Is Water a Barrier to a Low-Carbon Energy Future?
Ask an expert on clean tech what the largest barriers to a low carbon energy future are, and chances are they will list higher technology costs, policy barriers, or the need for new infrastructure to accommodate novel energy sources.
Not convinced? Here's a few factoids to wet your appetite (pun intended):
- The US power sector withdrew as much water from America's rivers, lakes, and oceans for cooling needs as the country uses to irrigate all agricultural lands, according to MIT Professor Ahmed Ghoniem.

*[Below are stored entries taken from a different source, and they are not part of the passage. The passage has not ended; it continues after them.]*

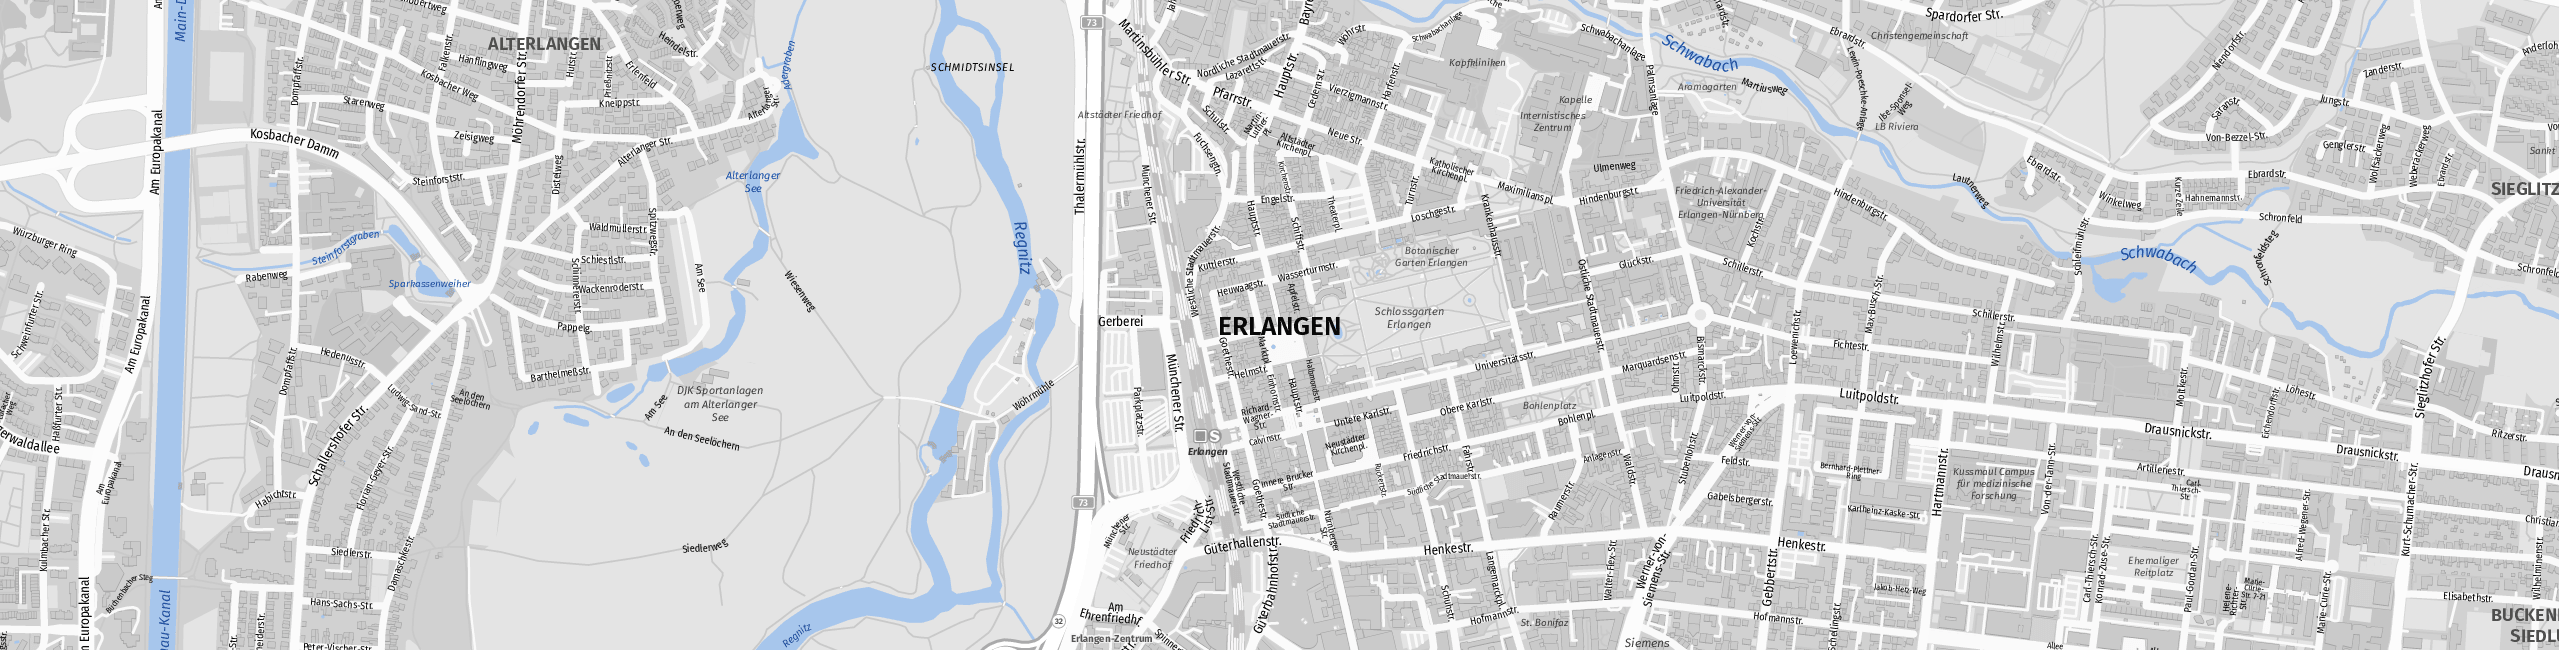 Stadtplan Erlangen zum Downloaden.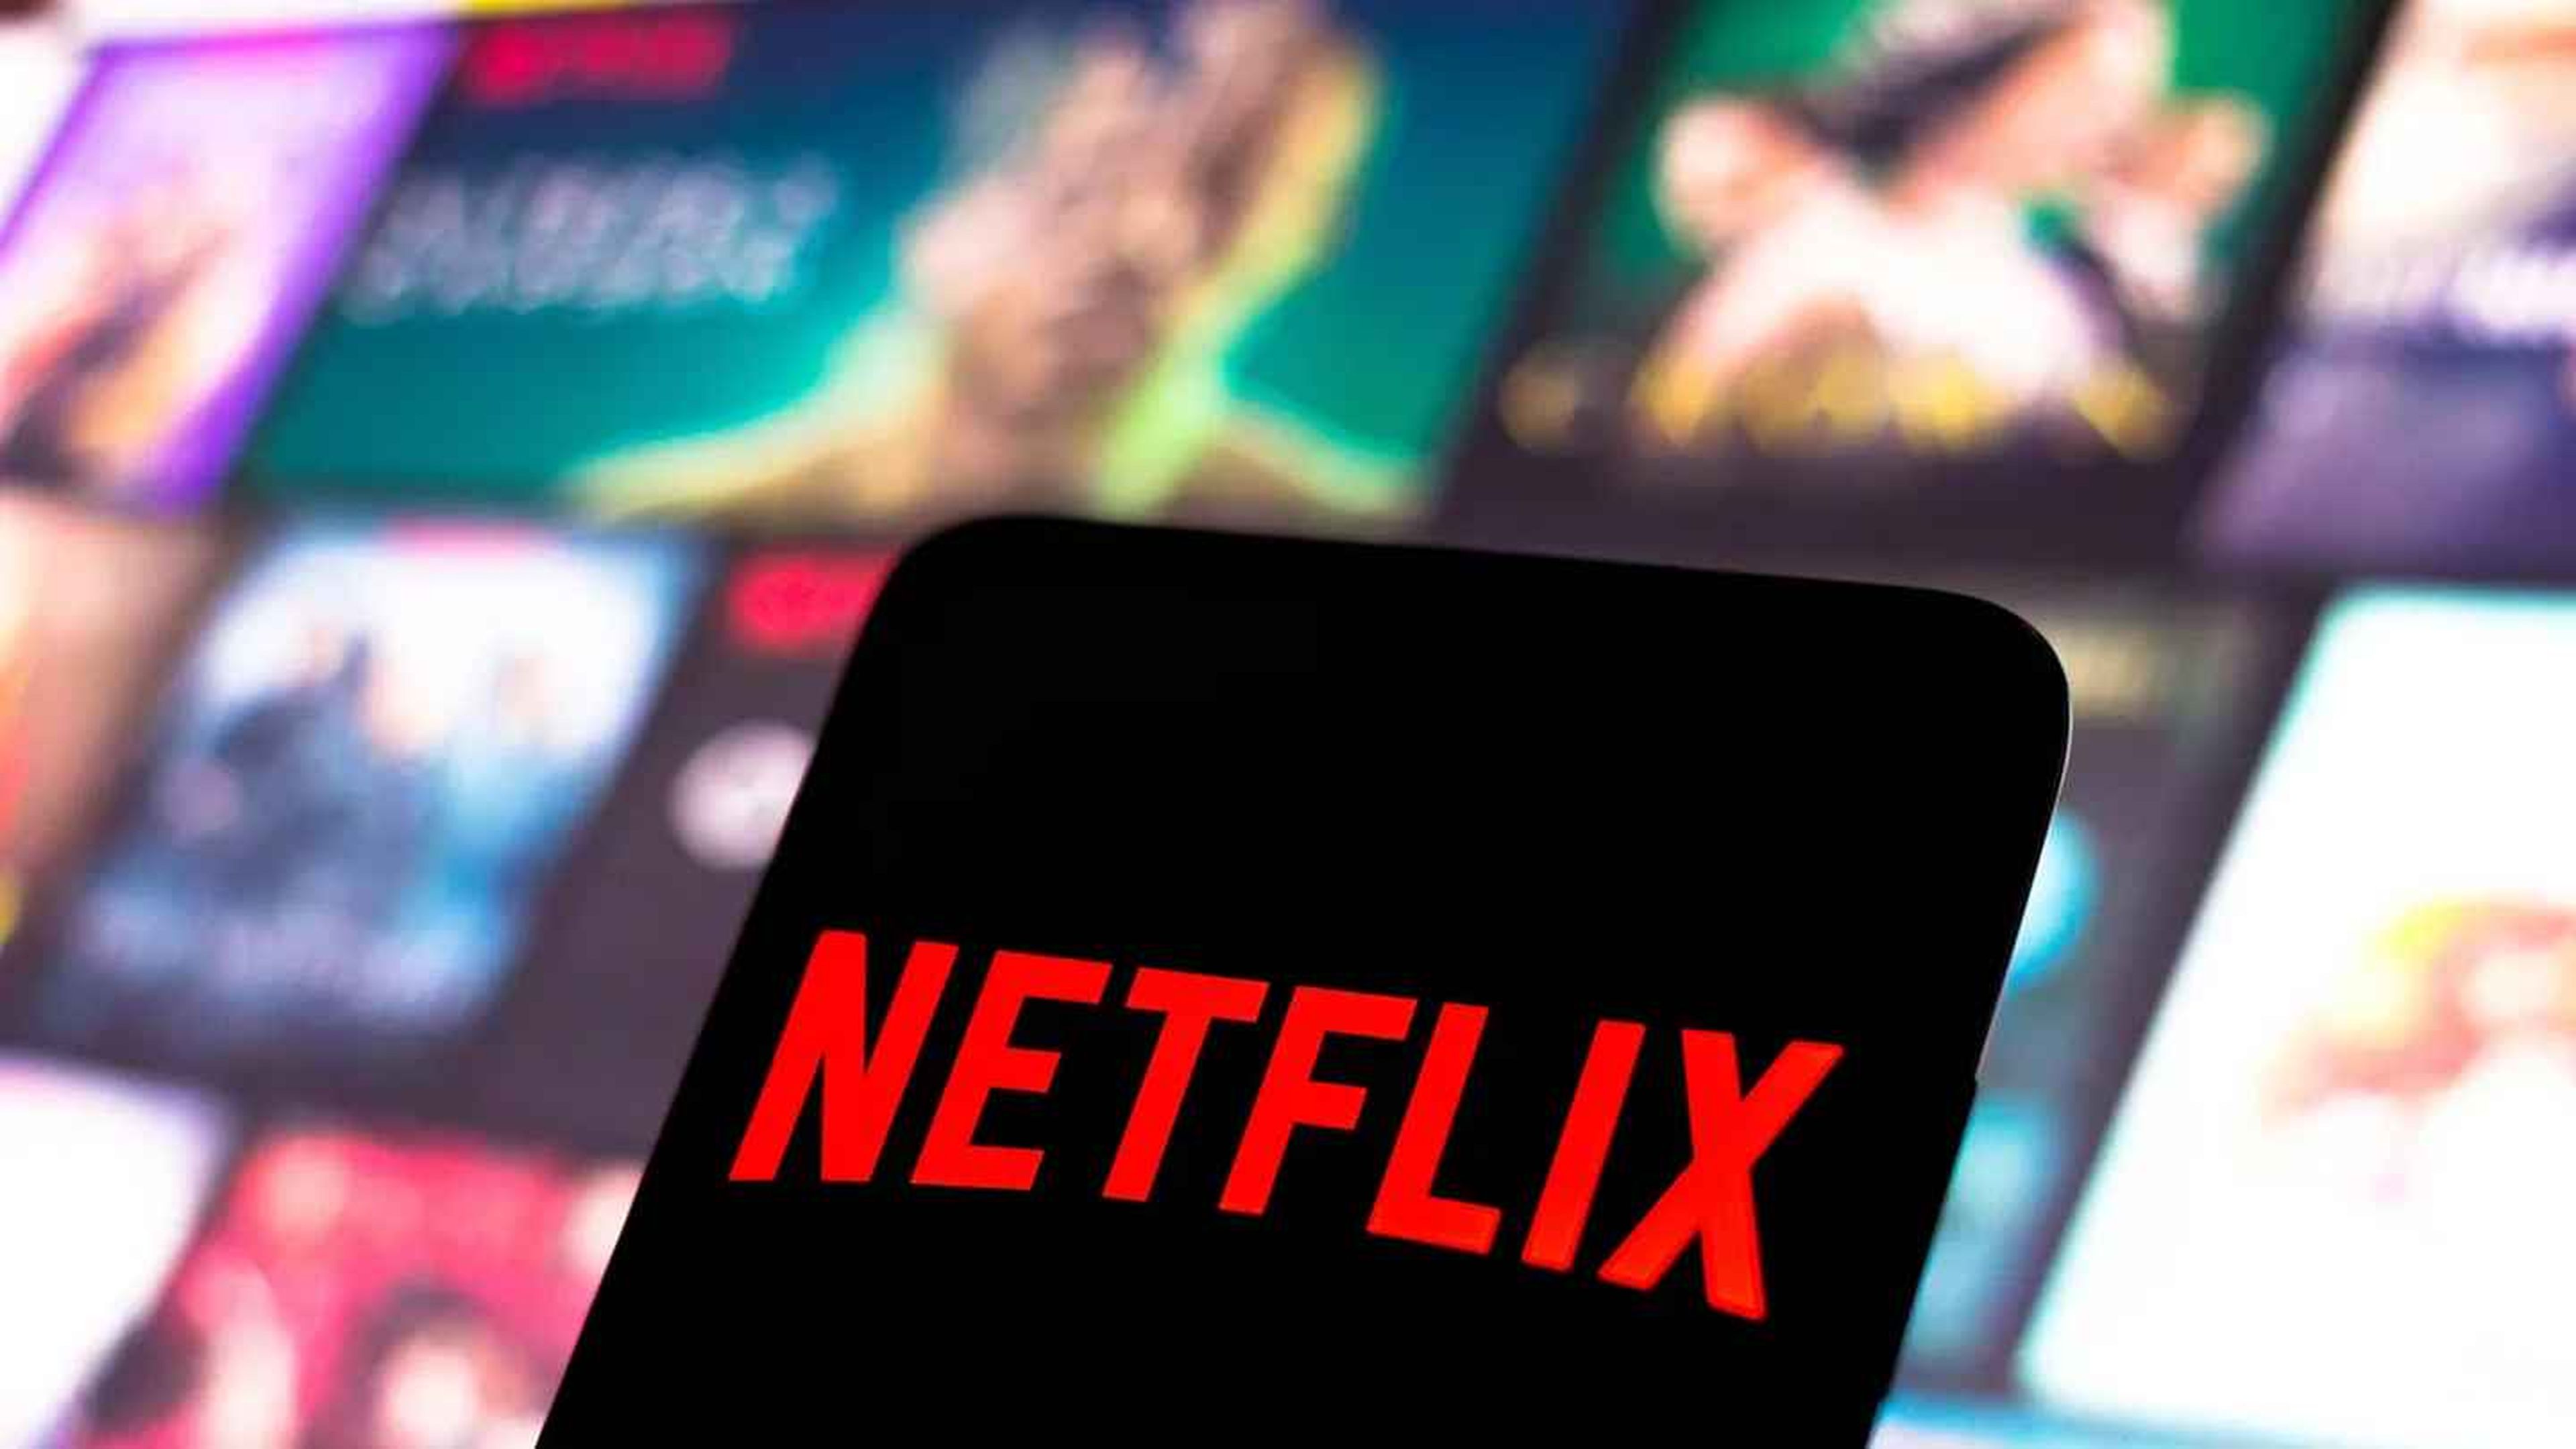 Cuánto cuesta al mes Netflix en Estados Unidos? Revisa todos los planes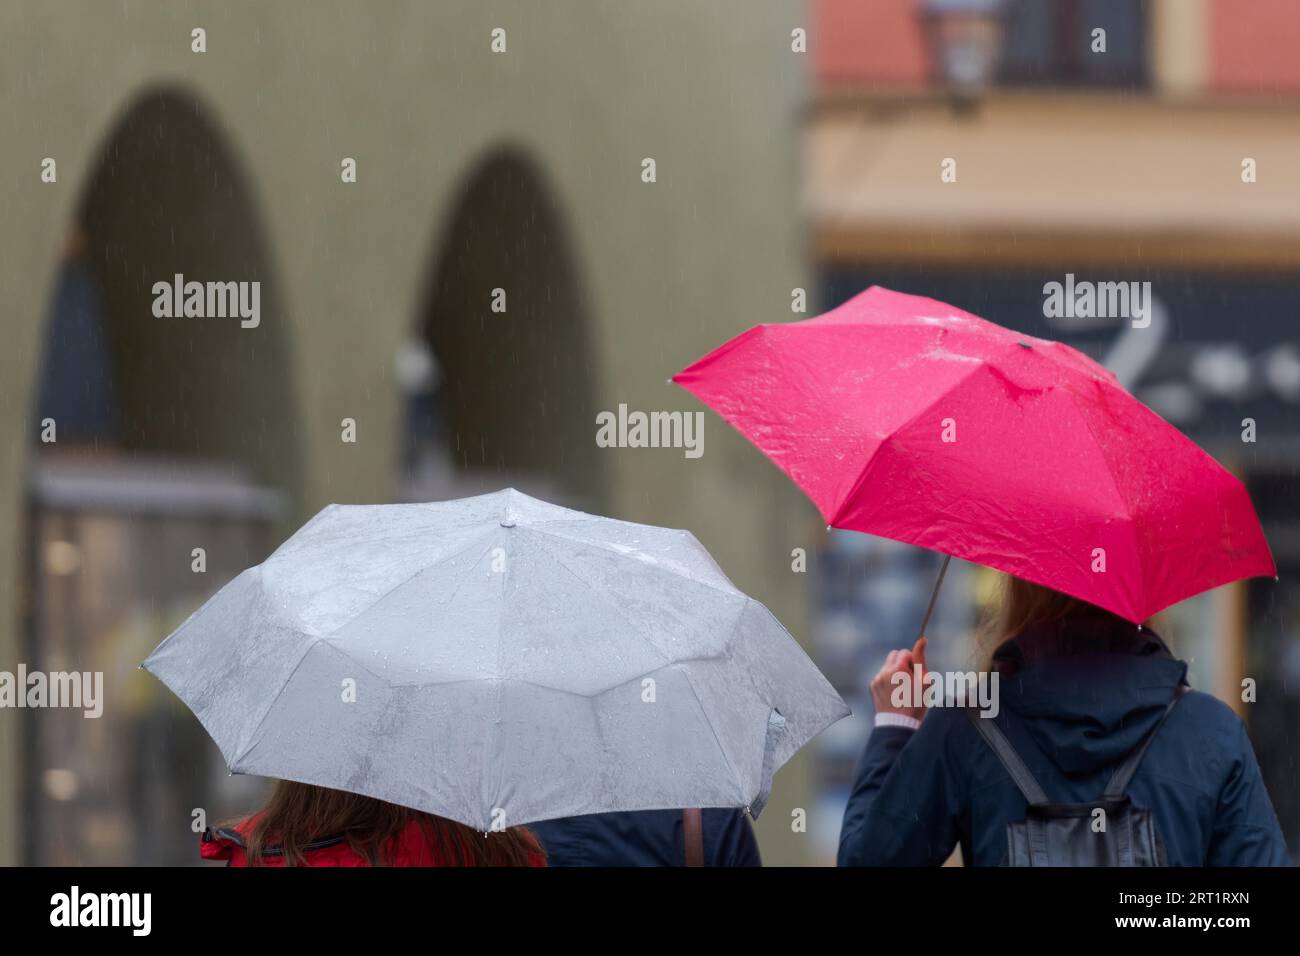 Oberkörper von zwei nicht erkennbaren Menschen mit Regenschirmen, die durch die Straße in alten engen Schuppungsstraße an regnerischen Tag gehen Stockfoto

- Worldwide, baseload power plants use the same amount of water for cooling as 545 megacities the size of New York City, according to Peter Evans, Director of Global Planning and Strategy for GE. By 2025 as global power demand grows, water needs will rise to 660 New York City's worth.
Big numbers indeed, and a potentially substantial challenge to a low-carbon energy transition, particularly for new "baseload" or reliable sources of emissions-free power.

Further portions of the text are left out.